# Floramax



## finnyas

Has anybody used the Floramax by Carib-sea substrate? What were your opinions? 
I am researching now going to set up a 300DD planted tank? 

Thanks for your input


----------



## kamikazi

Used it under pea gravel in my 29 gallon

didn't notice anything amazing about it. You can take a look at my 29 gallon journal to see my plants....I need to update though its looking really great now that i started Excel and EI dosing. 

I may have notice a difference if I had used Floramax only, I dunno.

It has fairly sharp edges so be mindful of that if you plan on keeping cories or loaches. 

Also be sure to rinse it, I didn't and when I gravel vac it clouds the water for a bit.


----------



## Optix

Ive used it as well...nothing that sets it apart from the others...I think its generally agreed upon for ease/nutrients/value/cost that it is

1. Aquasoil (best but very expensive)

2-98. the rest (floramax, fluorite, eco complete, activ flora etc. etc etc) (great but costly in bulk)

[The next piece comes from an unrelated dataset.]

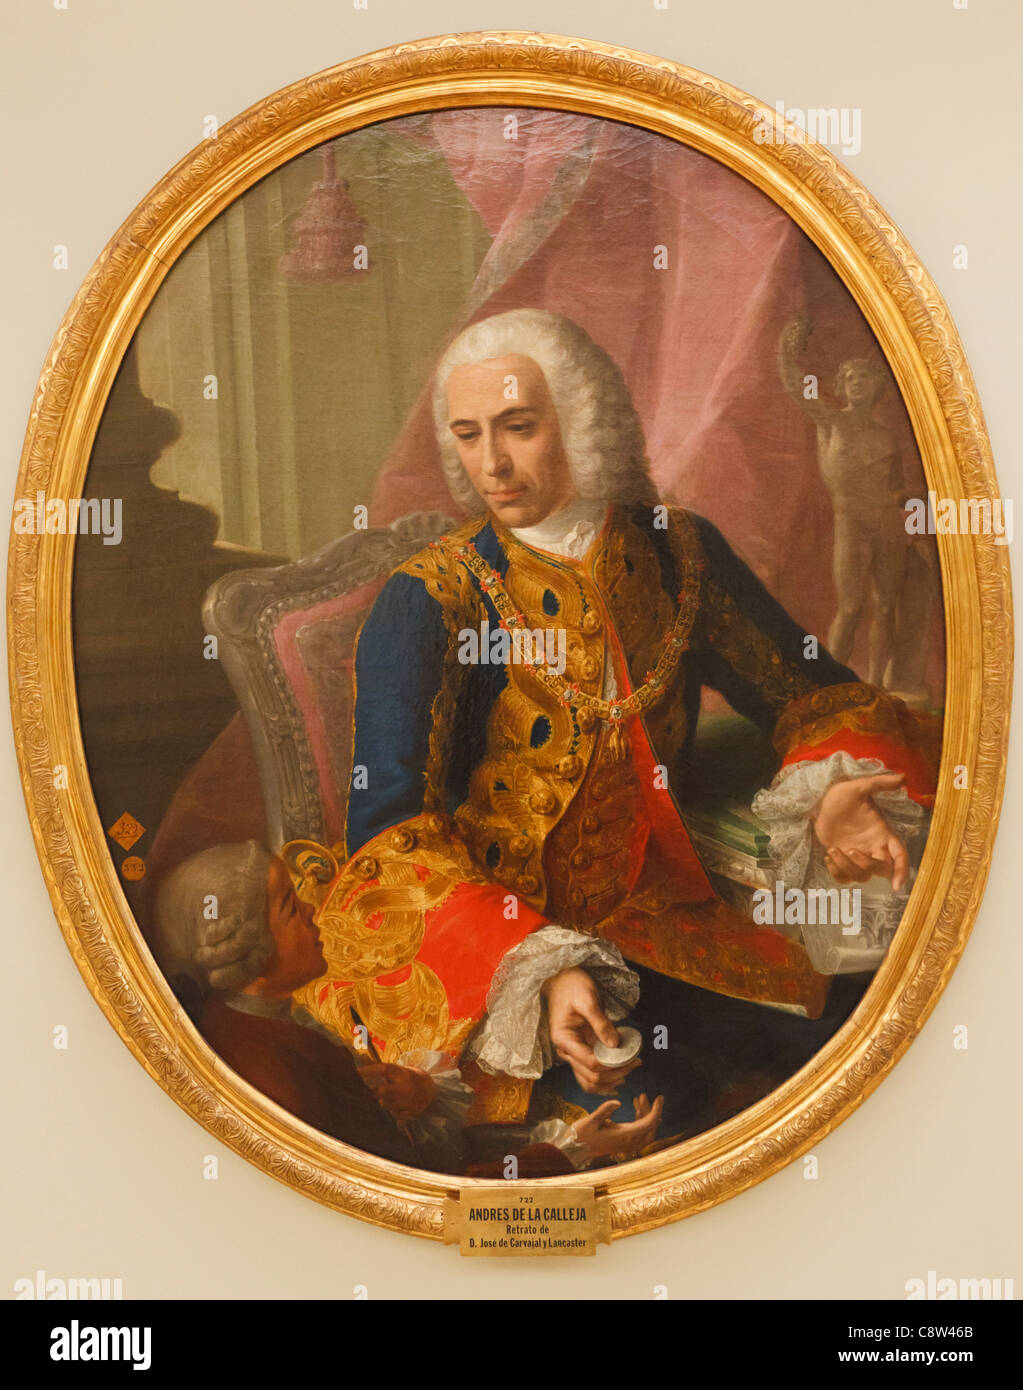 Don José de Carvajal y Lancaster, avec le garçon Mariano Sanchez. Carvajal, 1698 -1754, était un diplomate espagnol. Banque D'Images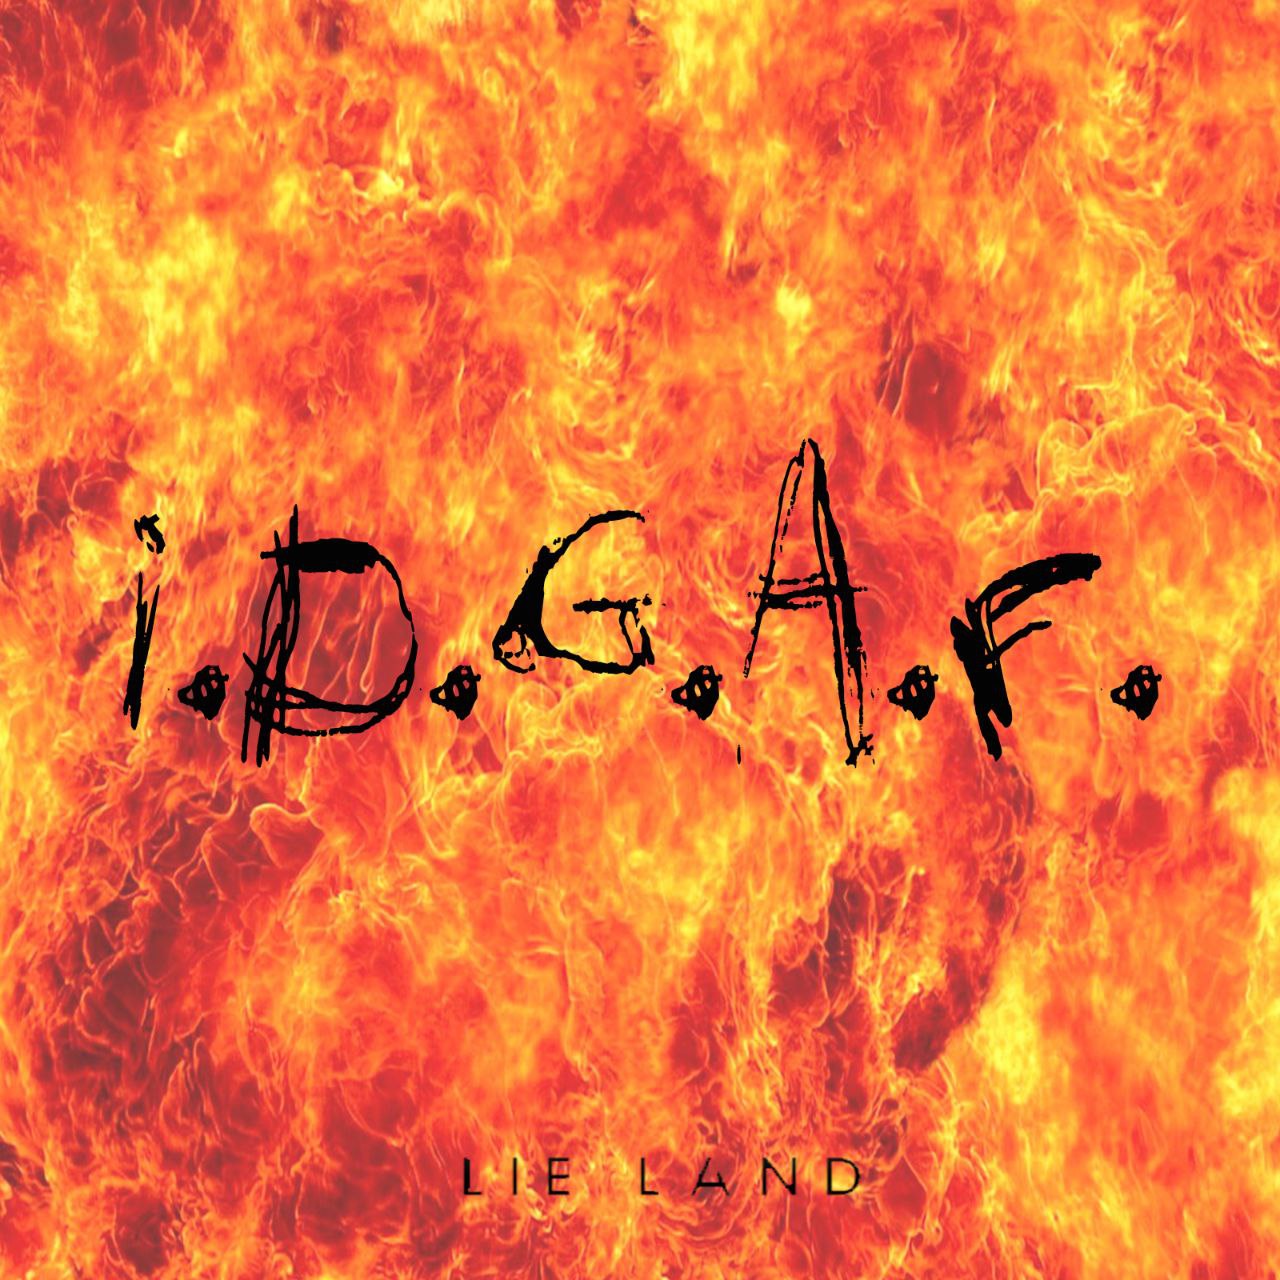 Esce oggi il singolo “I.D.G.A.F.” e con esso, il ritorno dei Lie Land

99. DIY style substrate capped/MTS (great results and cheap...but limits the amount of rescaping you can do before starting over)

100. sand (inert, only works with a dosing regimen)

you can grow anything and everything in each of the substrates...just comes down to how you fertilize and add CO2 w/ light

...ease vs cost vs availability is my main criteria so I use MTS


----------



## shrimpNewbie

Optix said:


> Ive used it as well...nothing that sets it apart from the others...I think its generally agreed upon for ease/nutrients/value/cost that it is
> 
> 1. Aquasoil (best but very expensive)
> 
> 2-98. the rest (floramax, fluorite, eco complete, activ flora etc. etc etc) (great but costly in bulk)
> 
> 99. DIY style substrate capped/MTS (great results and cheap...but limits the amount of rescaping you can do before starting over)
> 
> 100. sand (inert, only works with a dosing regimen)
> 
> you can grow anything and everything in each of the substrates...just comes down to how you fertilize and add CO2 w/ light
> 
> ...ease vs cost vs availability is my main criteria so I use MTS


it was my understanding that active flora was better than the rest but more expensive than aquasoil o.0, i would go aquasoil or some cheap but working route, pfs and turface pro leage are great


----------



## kamikazi

there's also plain pea gravel, pretty much same as sand in regards to benefit to plants.


----------



## kamikazi

something else to think about is if you think you'll be replanting or moving things around etc if so your best bet will be some type of "plant substrate" like eco-complete, flourite, floramax etc. or inert like sand or pea gravel.


----------



## Optix

shrimpNewbie said:


> it was my understanding that active flora was better than the rest but more expensive than aquasoil o.0, i would go aquasoil or some cheap but working route, pfs and turface pro leage are great


no...the mineral breakdown is identical to a bag of flourite (or so both companies claim) and price is comparable

Ive used A LOT of different substrates over my few years in the hobby...activ flora is the probably the same as fluorite or so ~$20/15-20lbs...of all the commercials ones Ive used, activflora was probably my favorite tho but my memory is probably skewed becase it was the first time I experienced success.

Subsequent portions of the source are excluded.